| Stored data |
⟨

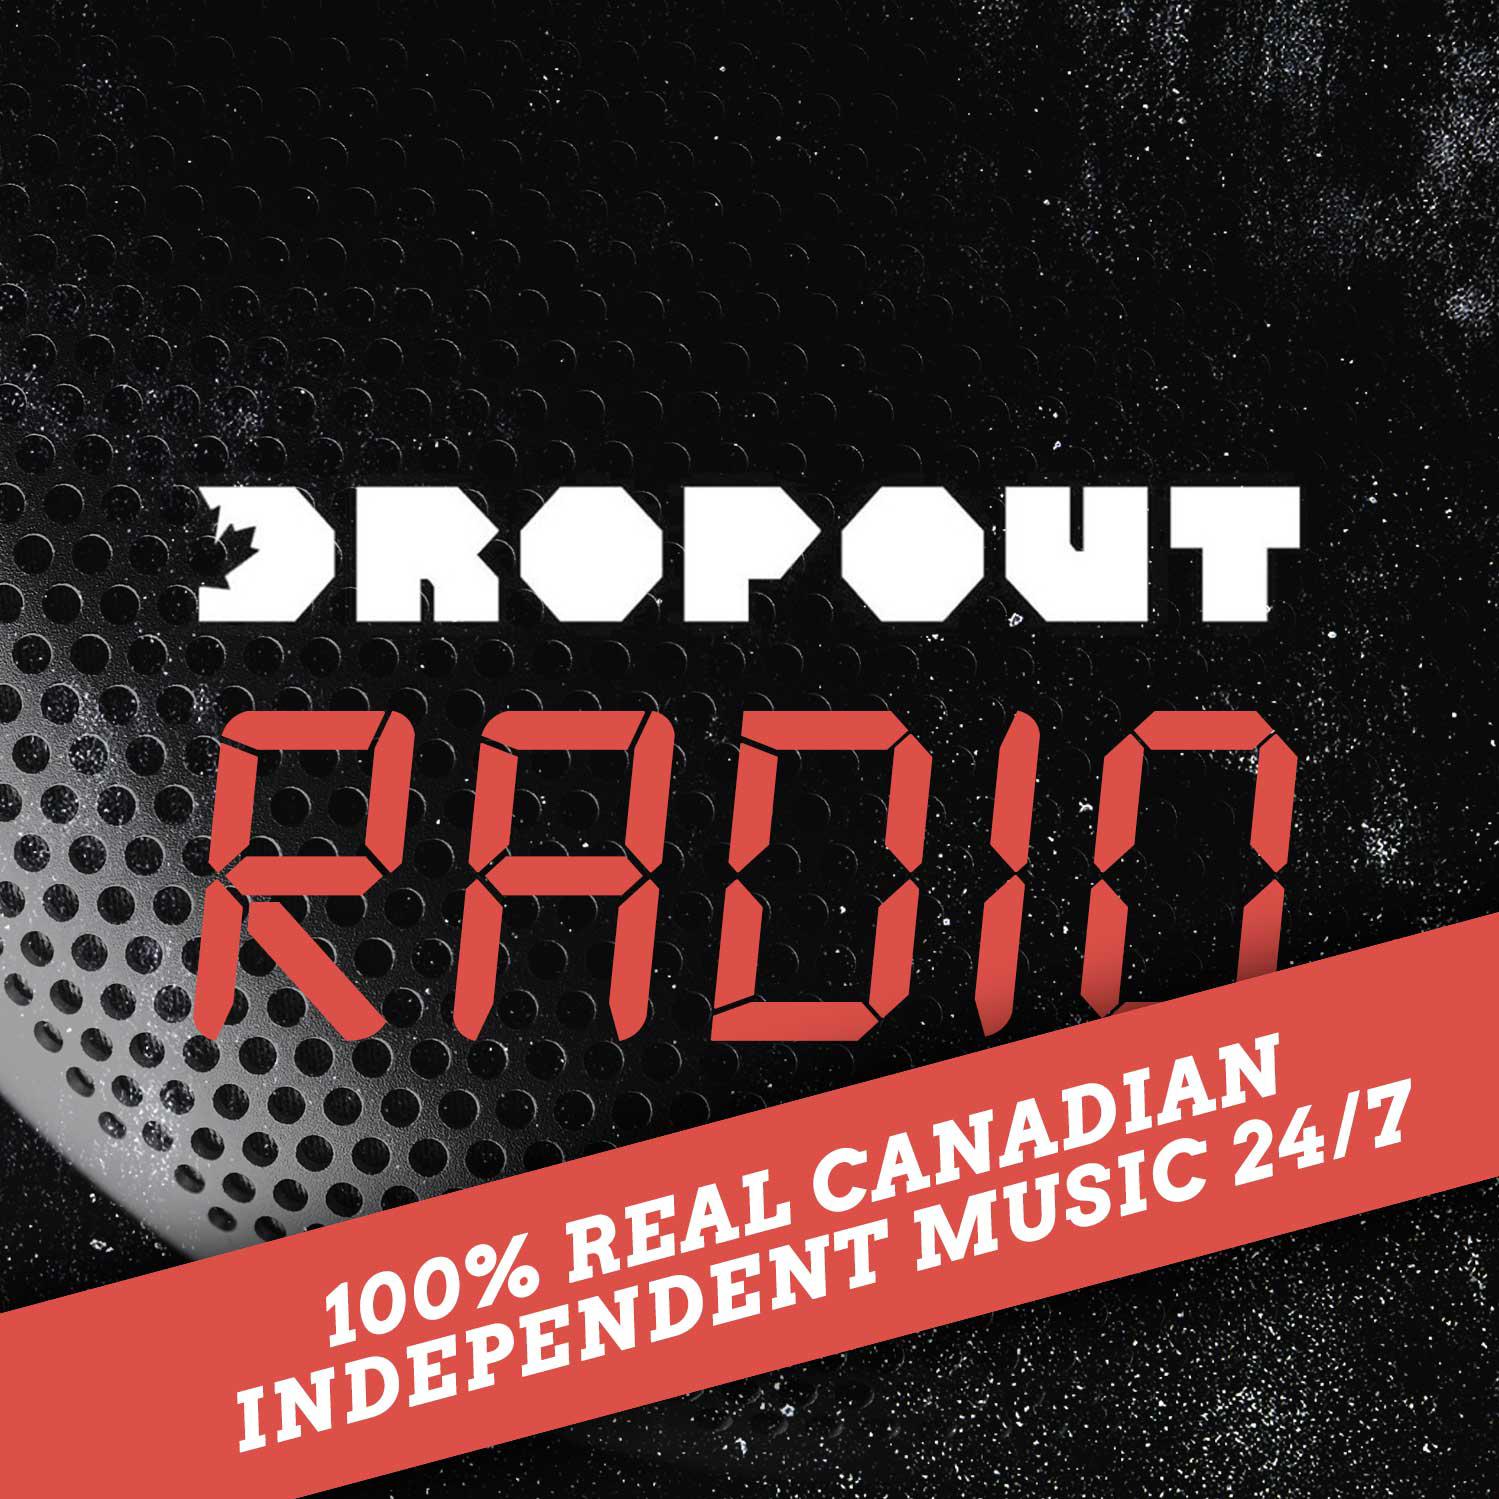 DropoutEntertainment.ca
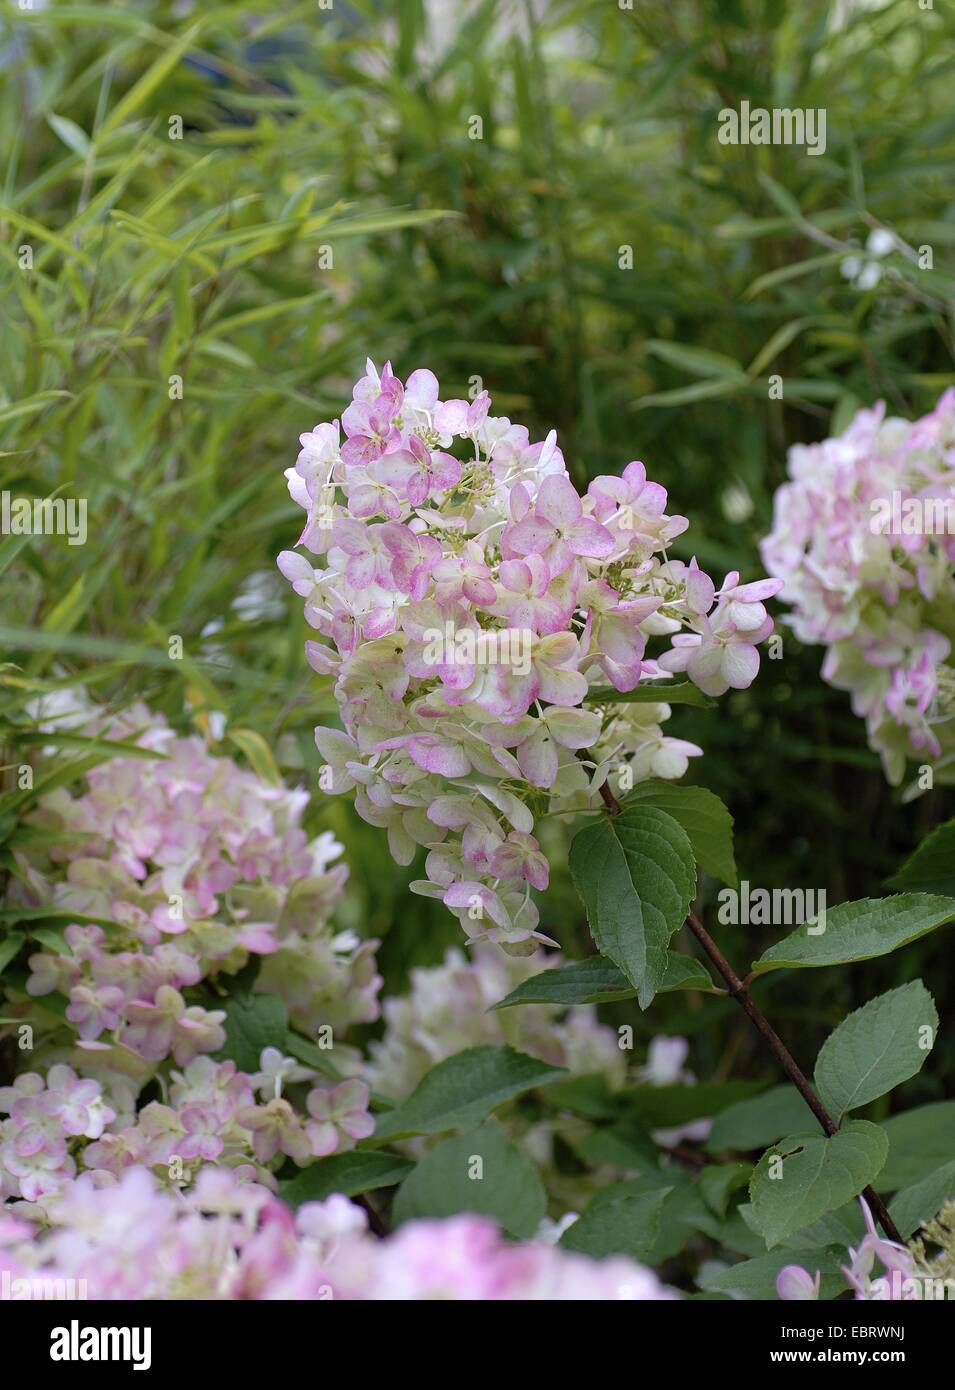 Panicule hortensia (Hydrangea paniculata 'unique', Hydrangea paniculata Unique), le cultivar, la floraison Photo Stock
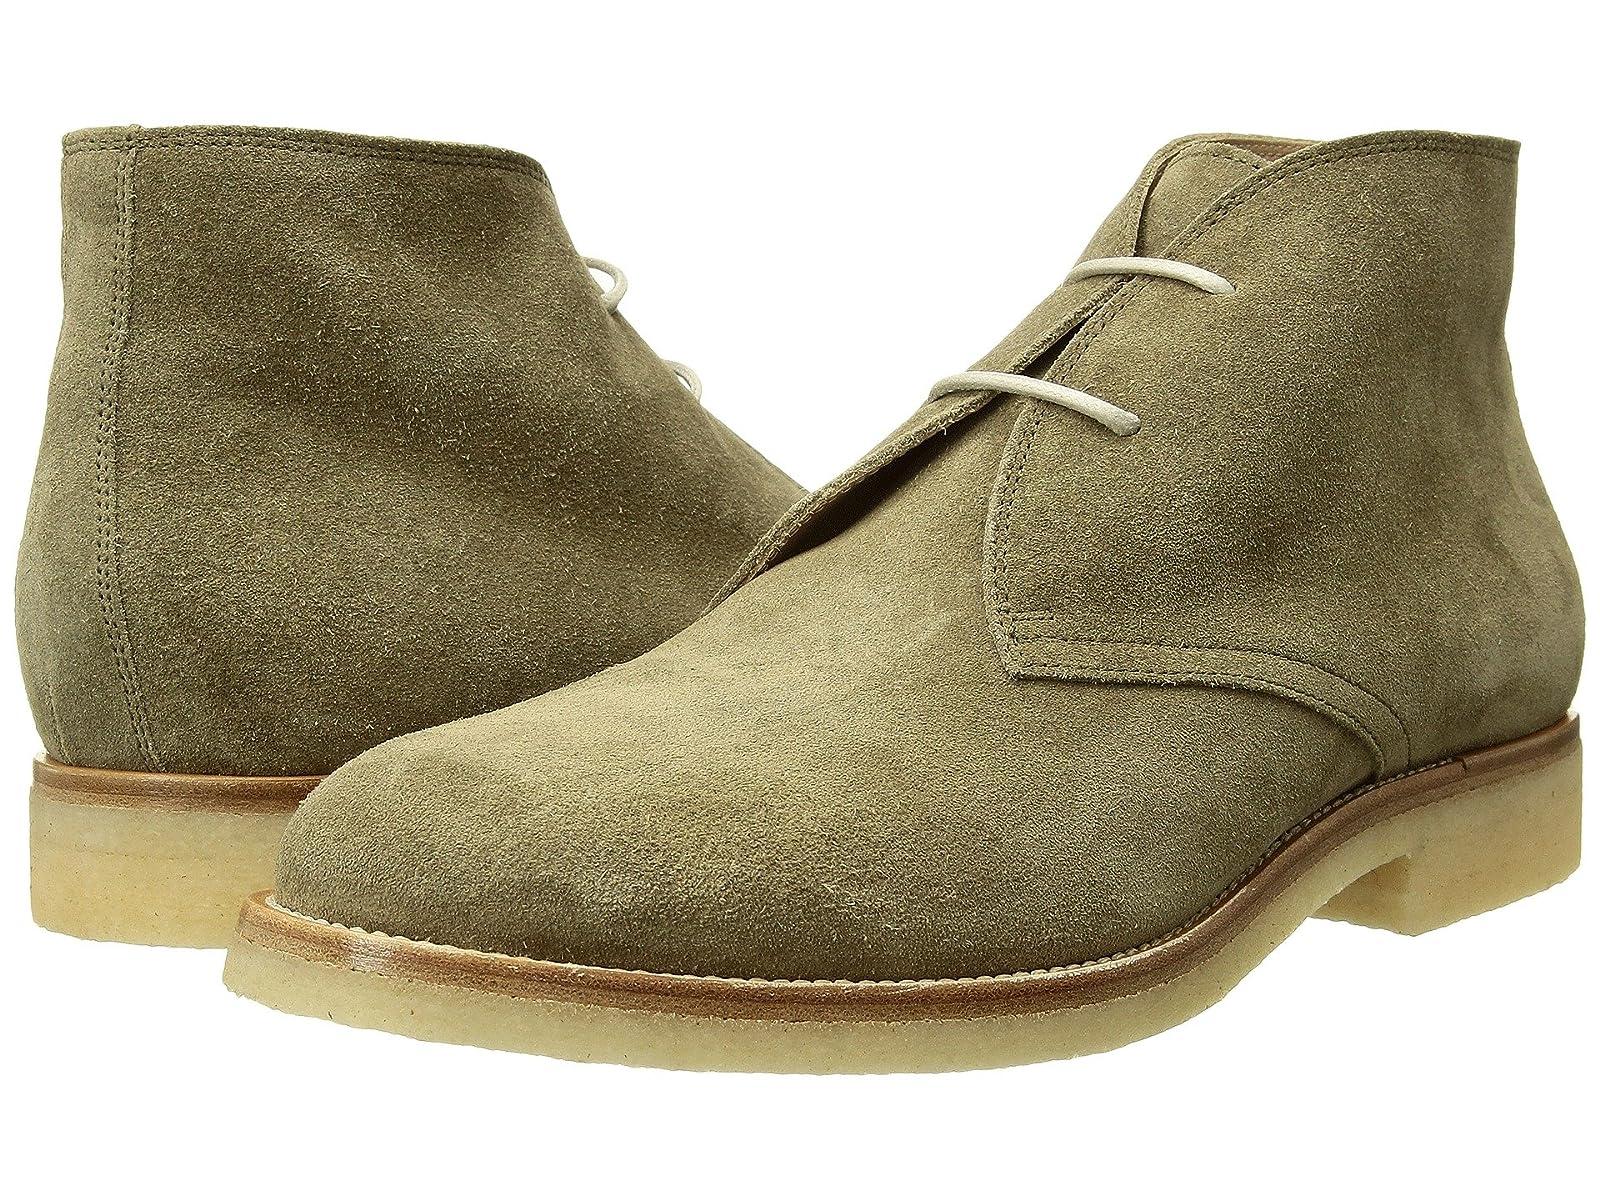 BELSTAFF Harlsedon BootSelling fashionable and eye-catching shoes

⟩

| Work instructions |
Please transcribe the material above exactly as written. Leave the pictures out.

| Written solution |
 DropoutEntertainment.ca
 Panicule hortensia (Hydrangea paniculata 'unique', Hydrangea paniculata Unique), le cultivar, la floraison Photo Stock
 BELSTAFF Harlsedon BootSelling fashionable and eye-catching shoes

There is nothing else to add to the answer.